DATA EXTRACT -
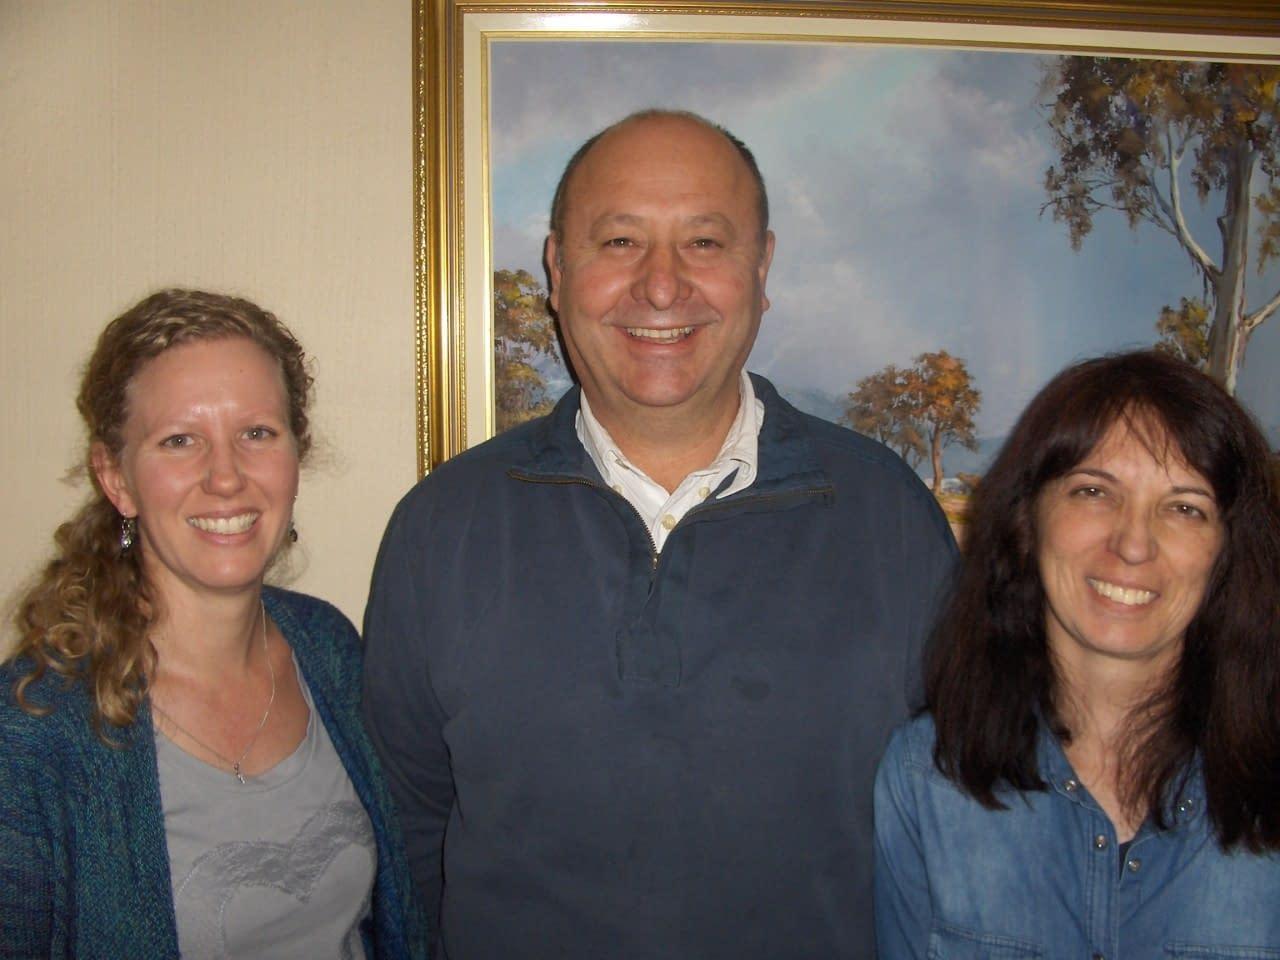 Jacqui, Conrad and Angela (L to R)-SEO Training Course – Search Engine Optimization
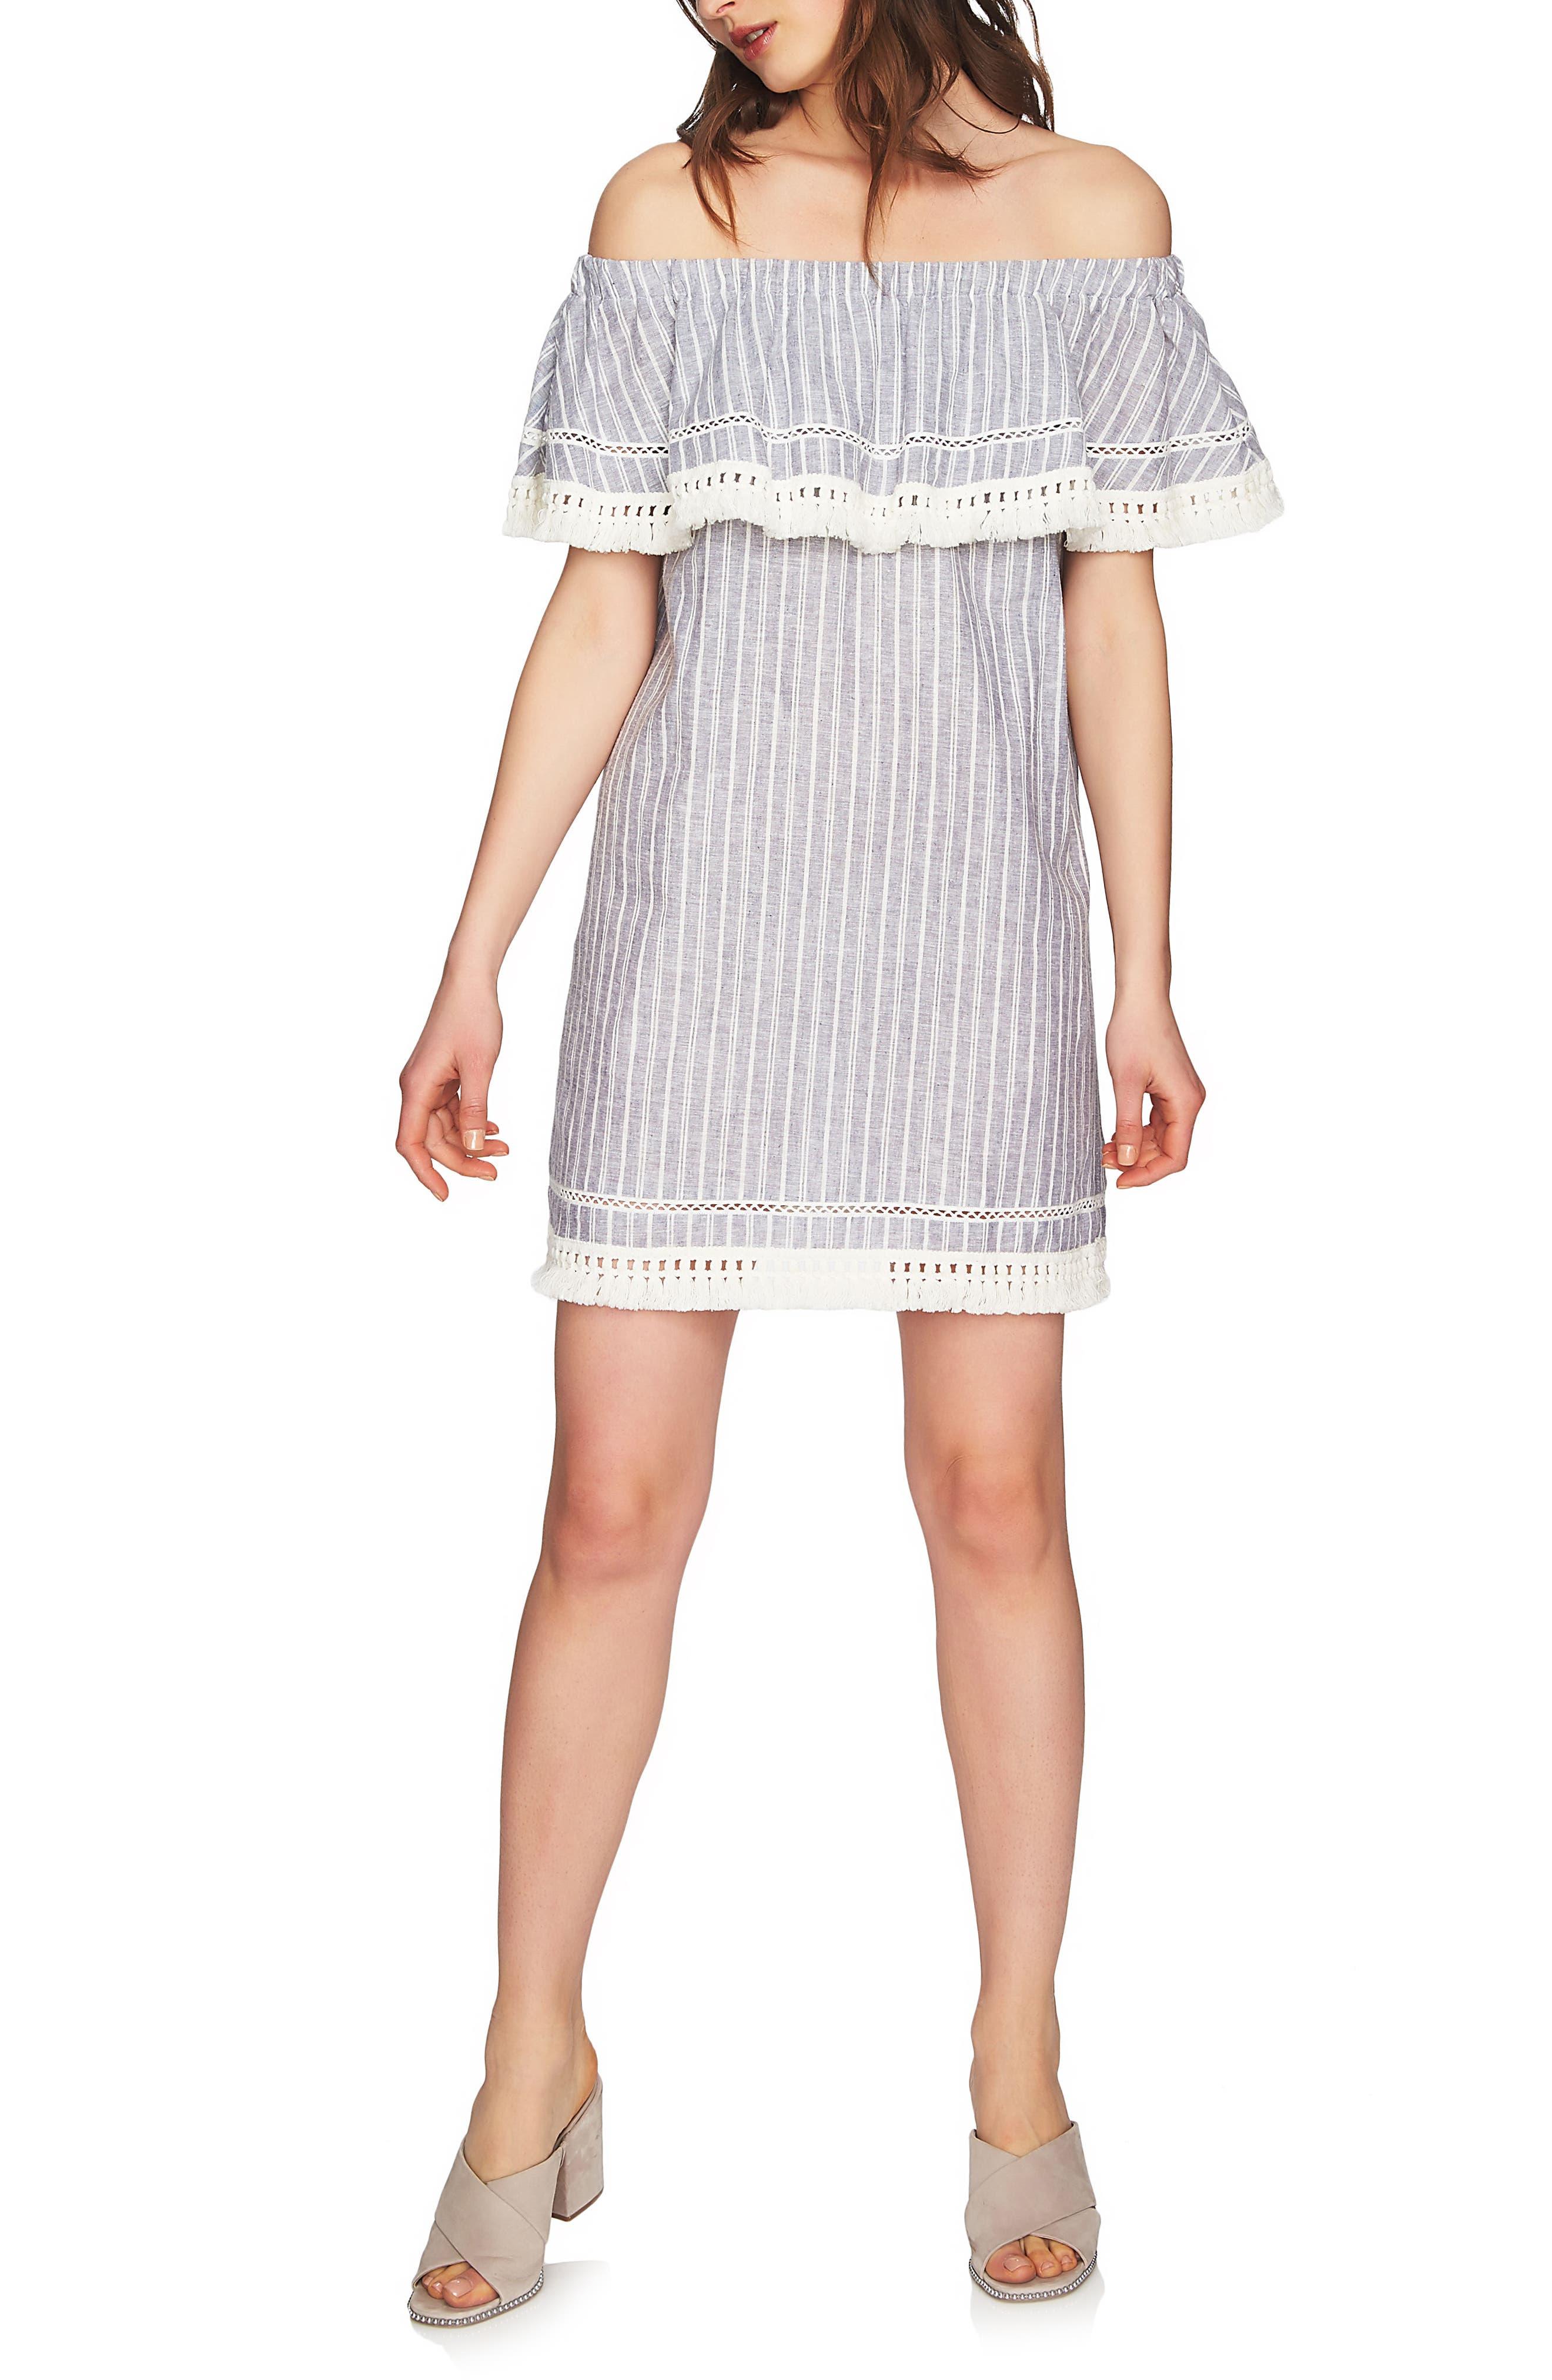 Main Image - 1.STATE Off the Shoulder Shift Dress
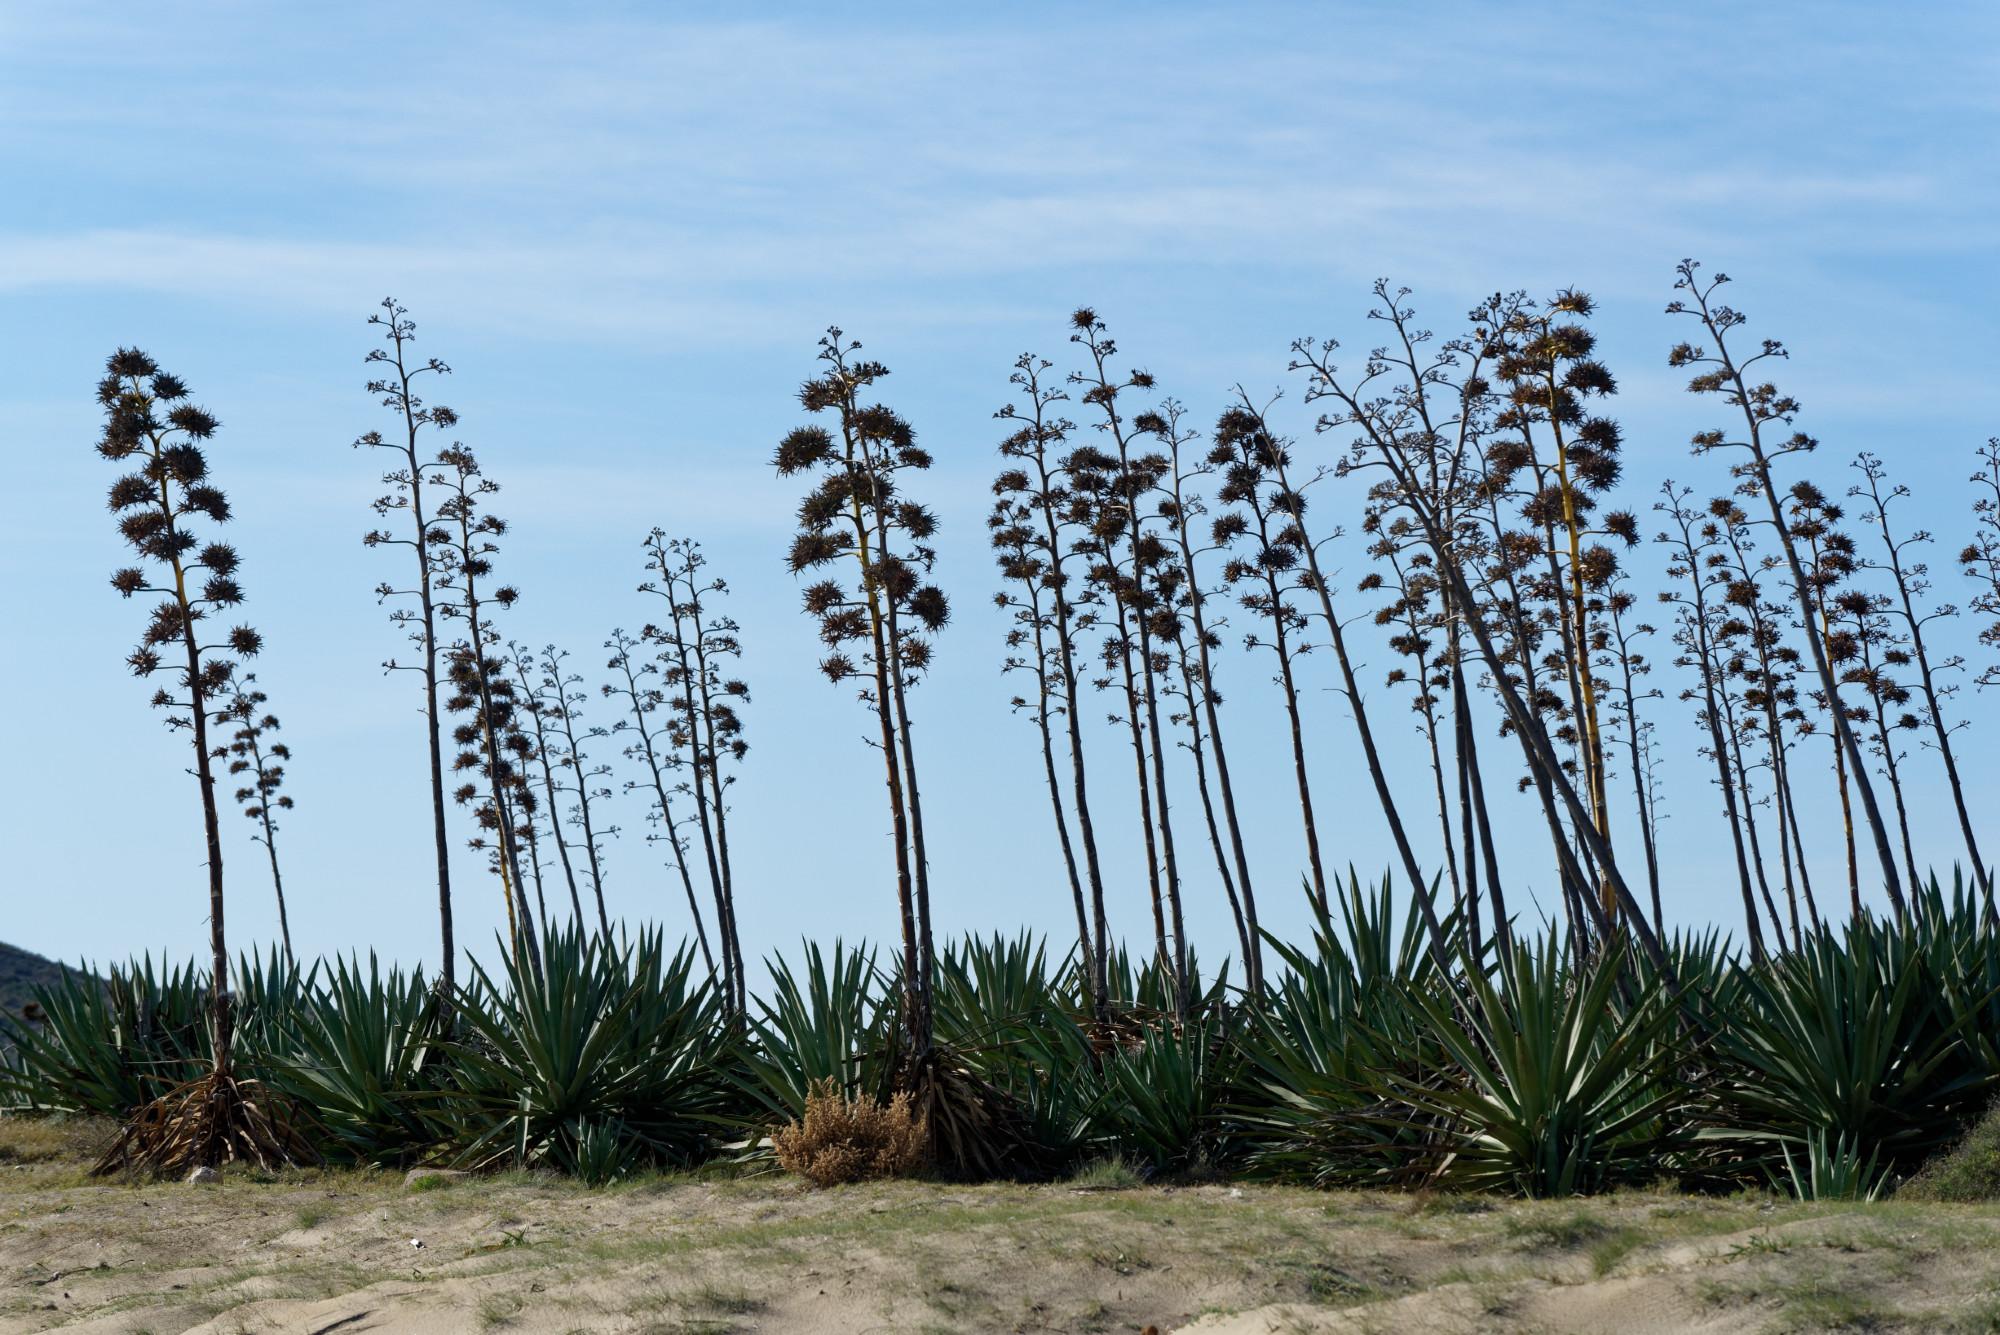 171214-San Jose-Playa de Genoveses (Cabo de Gata-Andalousie) (132)

WHAT THIS TASK INVOLVES -
I need the lines from the line containing "Main Image - 1.STATE" through the final line of the listing duplicated exactly, both ends included, with no pictures and nothing else.

COMPLETED TASK -
 Main Image - 1.STATE Off the Shoulder Shift Dress
 171214-San Jose-Playa de Genoveses (Cabo de Gata-Andalousie) (132)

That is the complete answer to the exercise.